[EXERCISE MATERIALS]
[Start of Attachment]

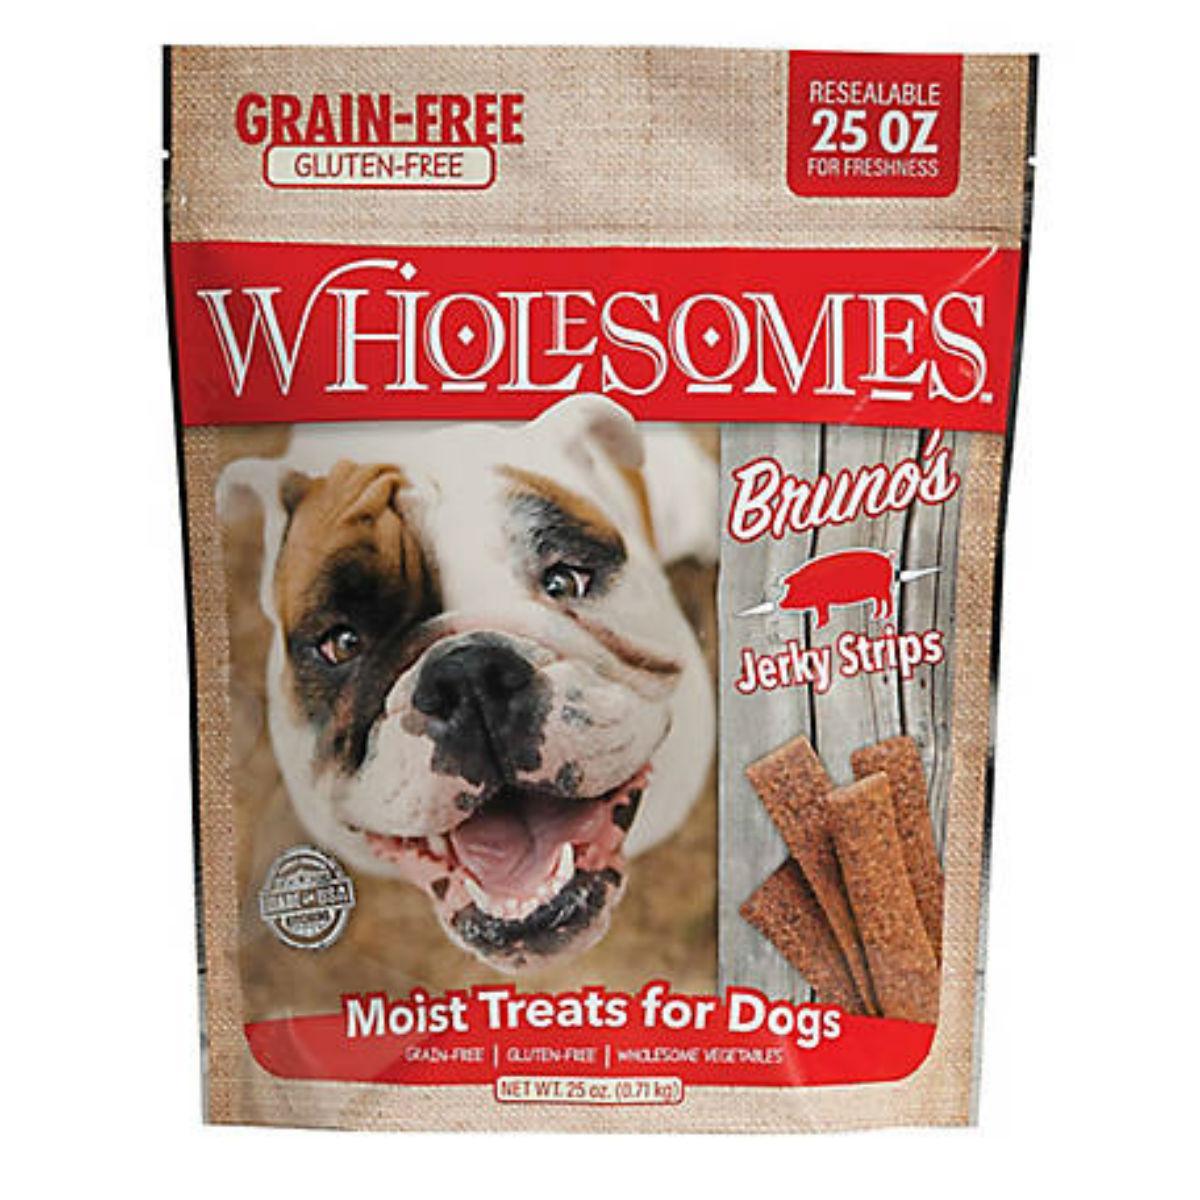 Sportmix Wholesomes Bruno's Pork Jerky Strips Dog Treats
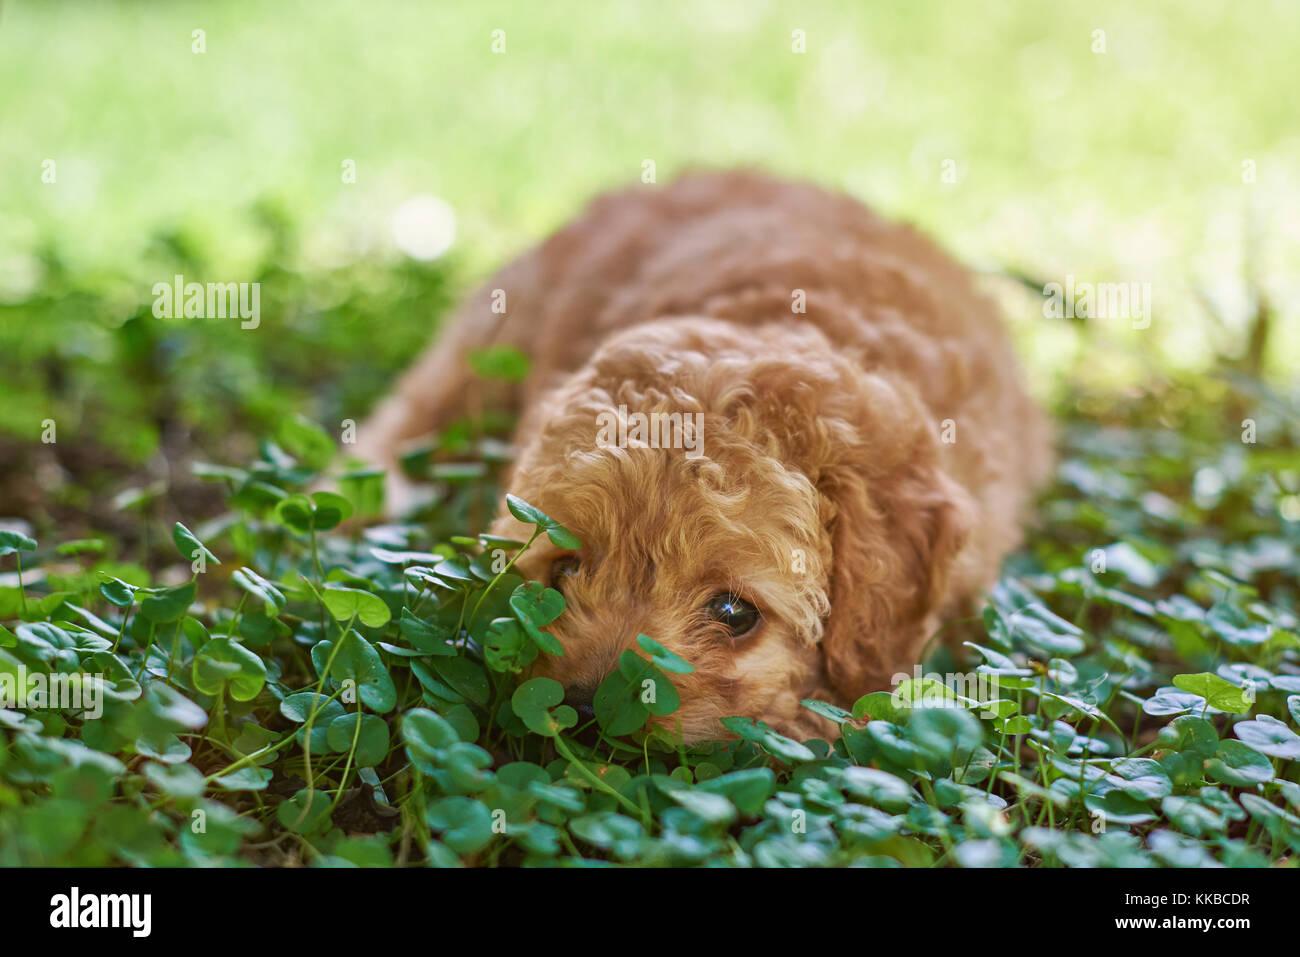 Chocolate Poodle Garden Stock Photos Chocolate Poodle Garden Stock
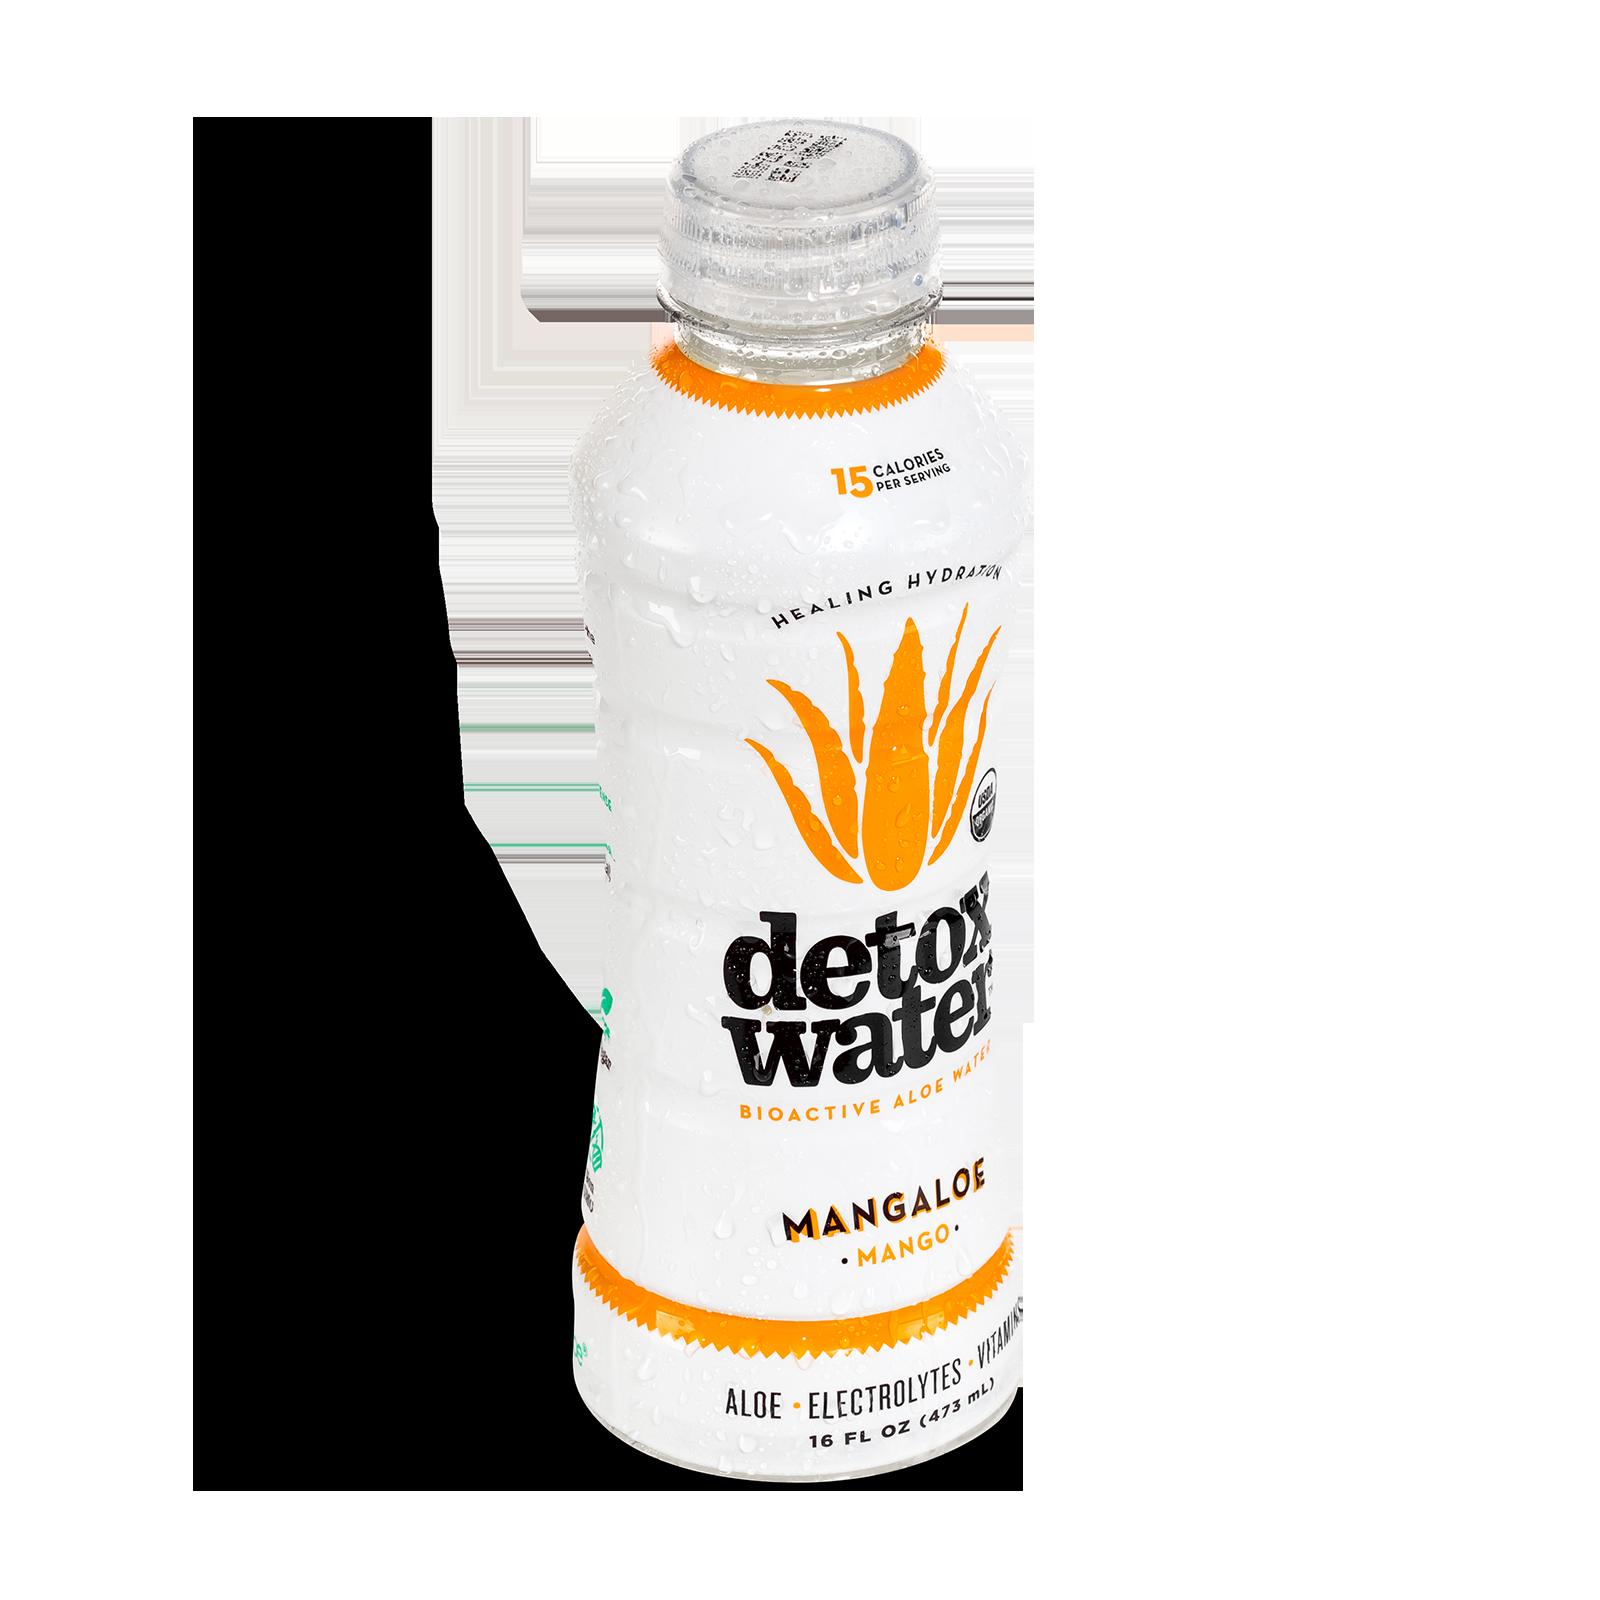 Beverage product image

[End of Attachment]
[Start of Attachment]

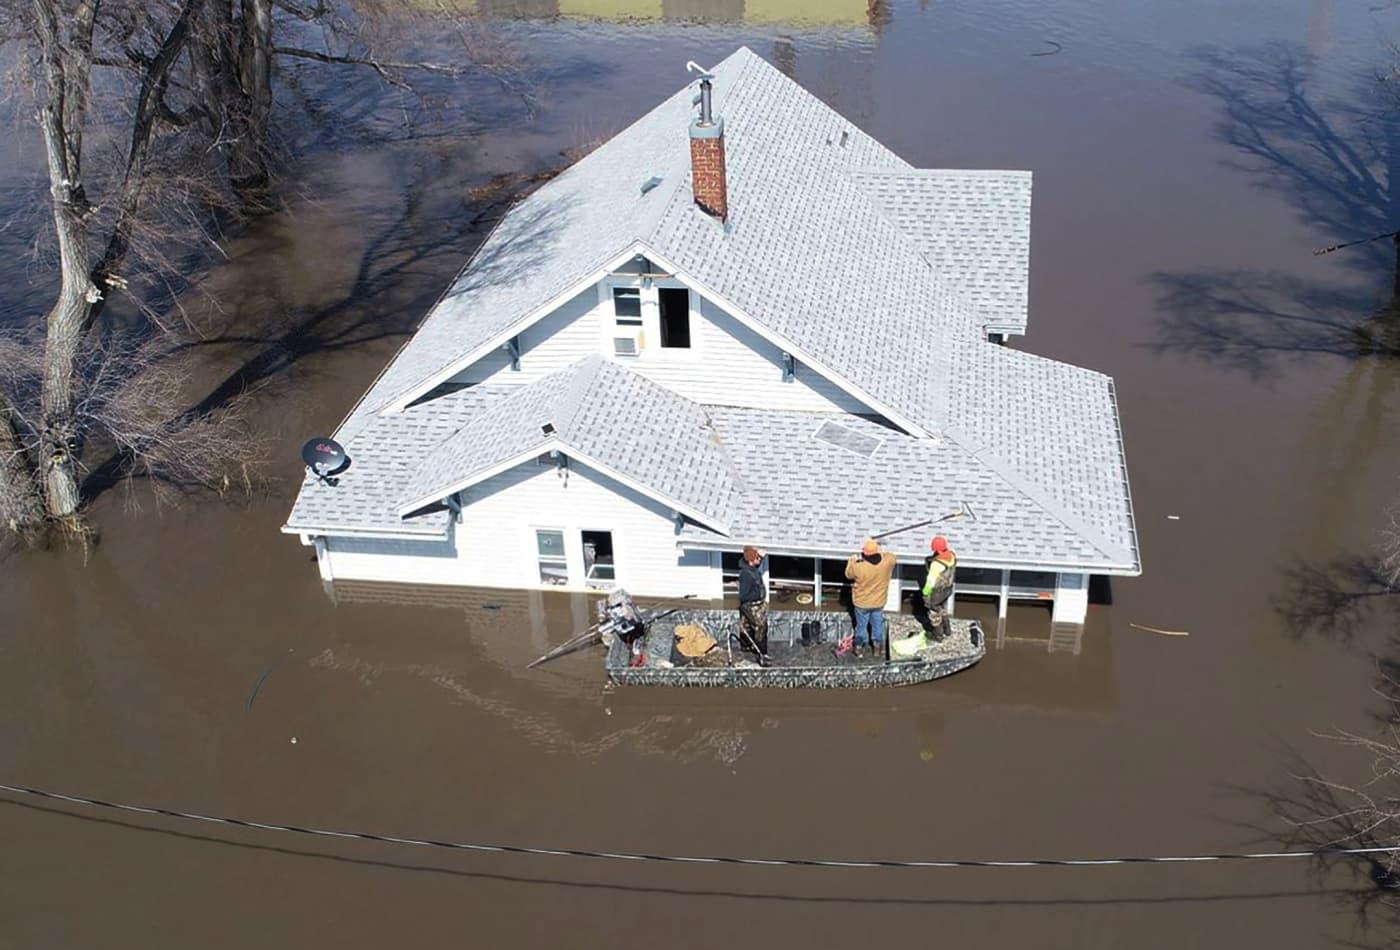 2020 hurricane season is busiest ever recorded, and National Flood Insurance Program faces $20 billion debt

[End of Attachment]
[Start of Attachment]

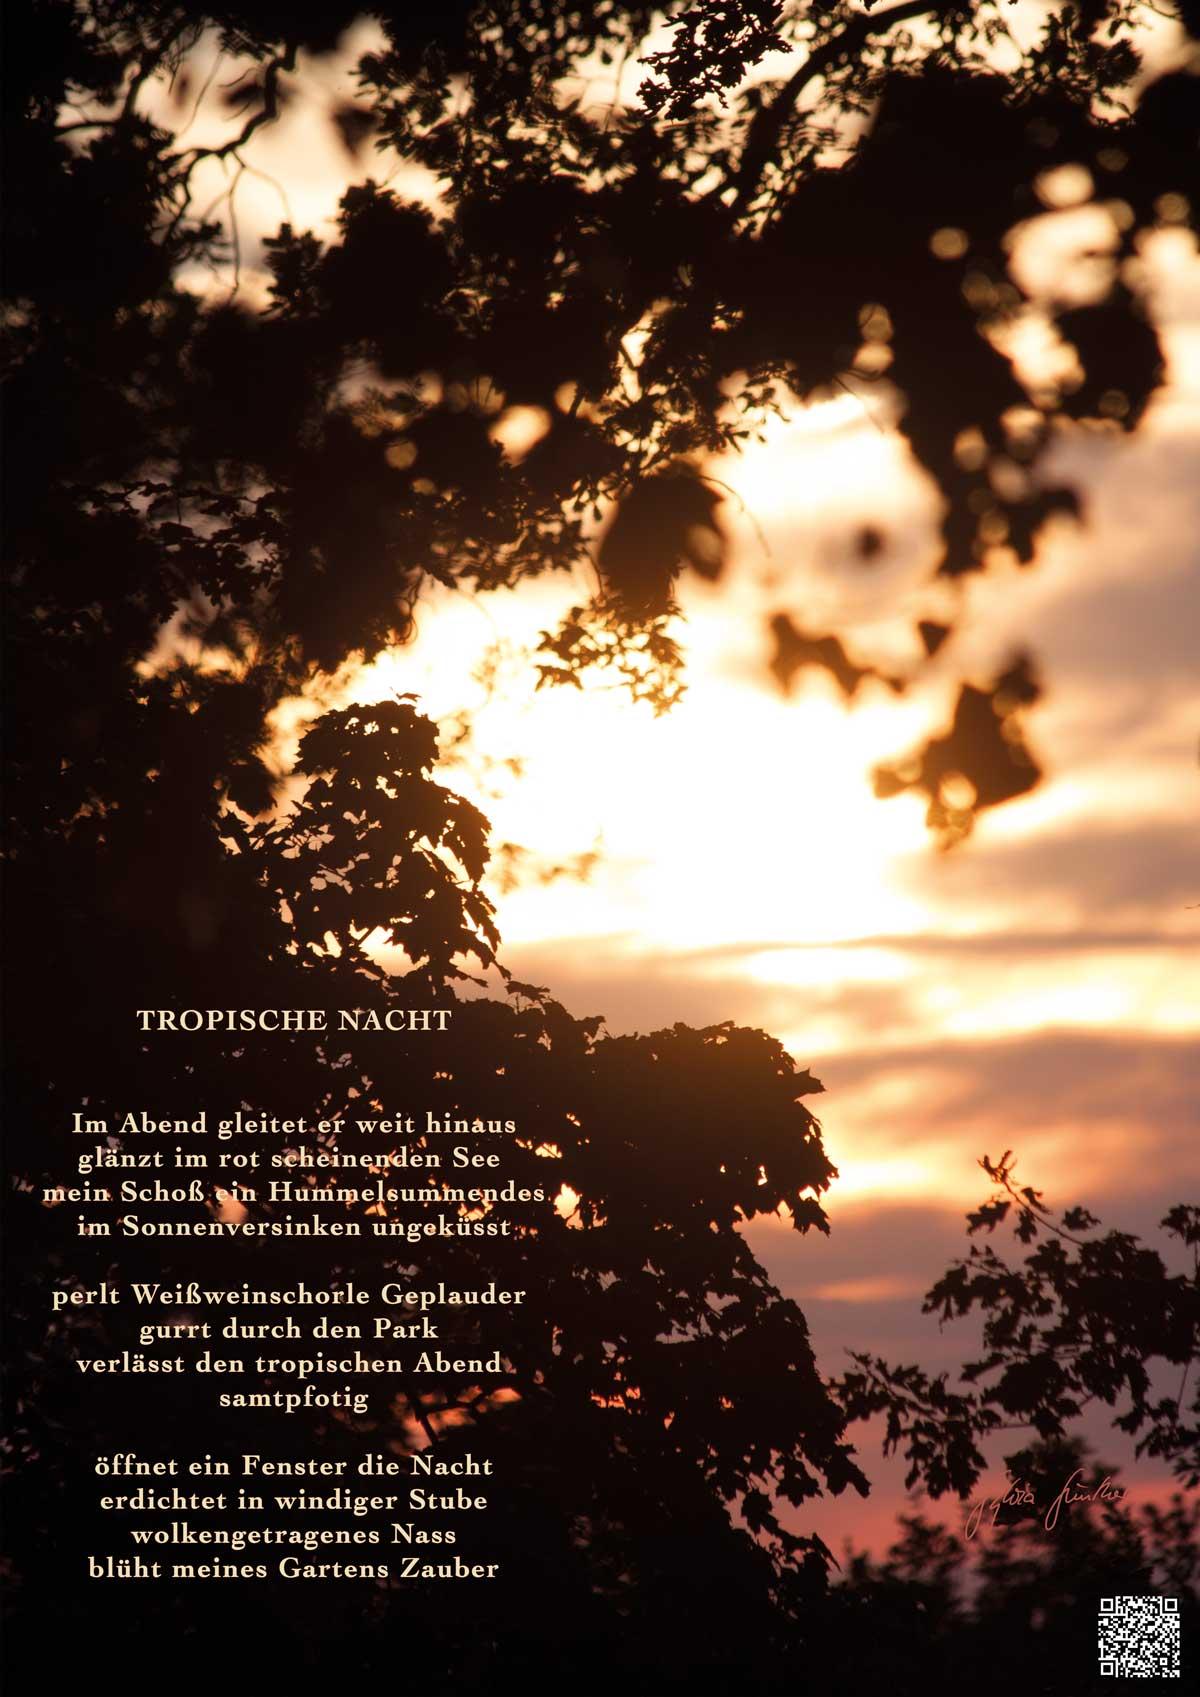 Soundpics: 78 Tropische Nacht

[End of Attachment]

Starting at the line above that has "Chocolate Poodle Garden Stock Photos" and ending at the line that has "Beverage product image", copy each line exactly, leaving the pictures out and adding nothing.

 Chocolate Poodle Garden Stock Photos Chocolate Poodle Garden Stock
 Beverage product image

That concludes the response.